Delving into the problem from another perspective, it has been evident that though political parties emphasised on a moral ideological enterprise in the last two-three decades of the past century, winnability in elections emerged as a practical requirement for political survival. Parties began to use ideology to justify practical manoeuvring and war of positions. The 1990s was a watershed moment in this regard.

Globalisation of the Indian economy directly impacted popular representation of politics as a section of the population began to be steadily ignored and pushed to poverty and squalor. In this changed scenario, the election centric meaning of politics was interestingly redefined. People’s movements in contemporary India represent a very different kind of politics. These movements raise the issues of caste, class, gender and communalism that goes against the basic tenets of justice, inclusiveness and equality. The only concern of the political parties appears to be just winnability of elections by hook or by crook.

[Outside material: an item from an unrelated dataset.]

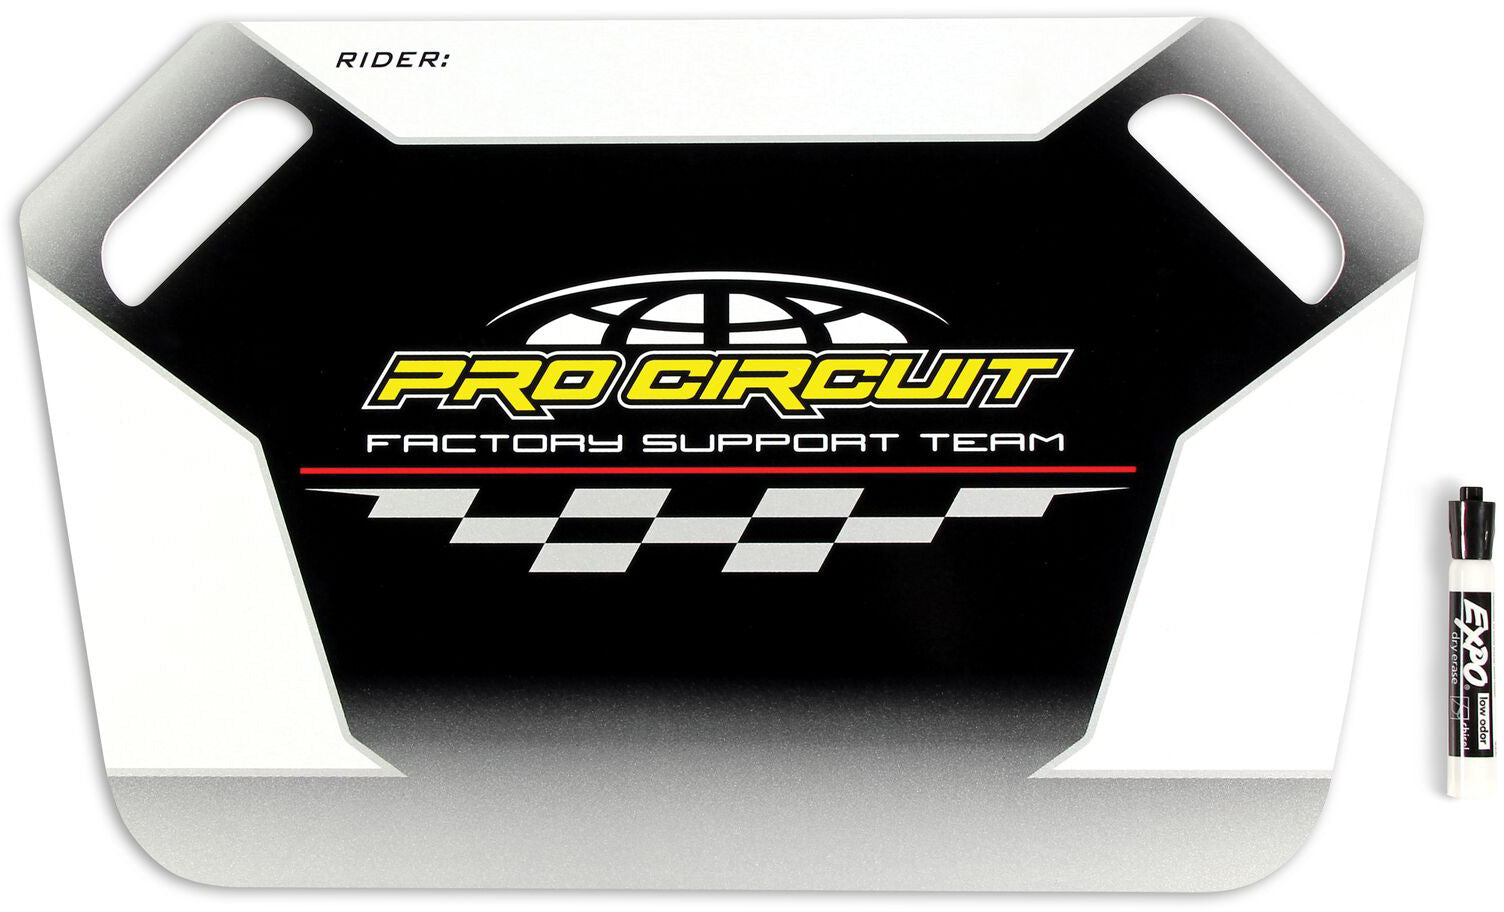 Pro Circuit Monster Pit Board with marker included, featuring prominent Monster Energy branding on a clear, easy-to-read display.
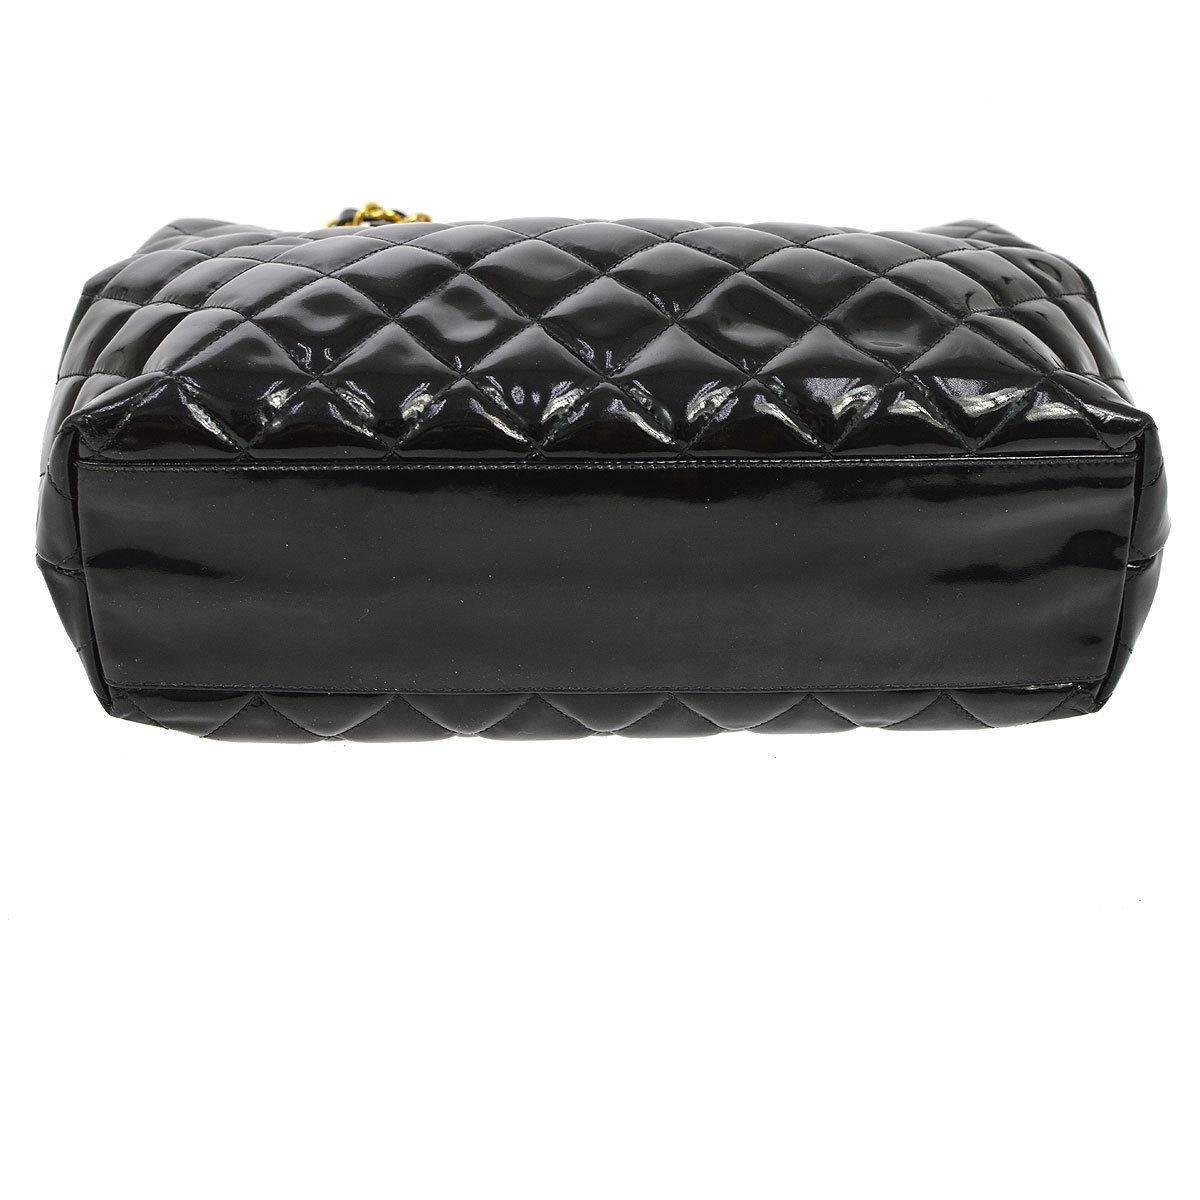 Women's Chanel Black Quilted Patent Leather Gold Charm Carryall Evening Shoulder Bag

Such a situation has arisen because elected representatives amass huge wealth and thus winning elections is the prime motto. Most leaders care little for people’s welfare and have very little contact at the grassroots. This was not situation say around five decades back. The declining political atmosphere has been the influence of materialism and consumerism inherited from the West.

Moreover, while the major political party has been harping on Hindu nationalism, it has very little or virtually no respect for the ethos and culture of the country. Added to this, following a policy of alienating the minority communities, is just aimed at garnering votes of the Hindus in the northern and western belts where illiteracy and ignorance is quite high. Whatever the leaders may talk in public, the focus is just to get votes by misguiding the masses and specially the youth,

With what are seen as wrong economic policies being followed with rising unemployment and underemployment coupled with inflation, the party in power has no other alternative but to motivate the youth about Hindu nationalism, leading to jealousy, hatred and community discord. The nasty political trends that are manifest today speaks poorly about the government in power and its tendency to split society, just to garner votes from the majority community.

These above trends have taken unhealthy dimensions during the post globalisation era, but these are far from what our leaders believed in a democratic polity. The nexus of politician-corporate-media nexus has forced the policy preferences of political parties, ignore the democratic norms and people’s choices. In the wake of these effects, even the role of the media has also tilted towards market forces, controlling their companies, thereby ignoring their democratic responsibilities.  

As such, the authoritarian trend continued to grow over the years. Obviously, under a decent democratic network, the present trends such as dominance of electoral prospects over ideological ethics of parties, undemocratic trends in part politics, growing role of media in manufacturing fictitious stories are unknown. Thus, ignoring people and keeping them aloof from democratic process and not ensuring their participation in governance goes against what Mahatma Gandhi preached and practised all through his life and work.

In the vicious political climate, it is difficult to presume that corruption would be controlled as a section of the rich are hand-in-gloves with the current dispensation and it was little different from earlier regimes. Also, whether the national or even the regional political parties are centralised or family-controlled it is indeed very difficult to come out of such a situation. The voice of the common man is not heard while mass programmes against corruption and anarchy do not have enough steam.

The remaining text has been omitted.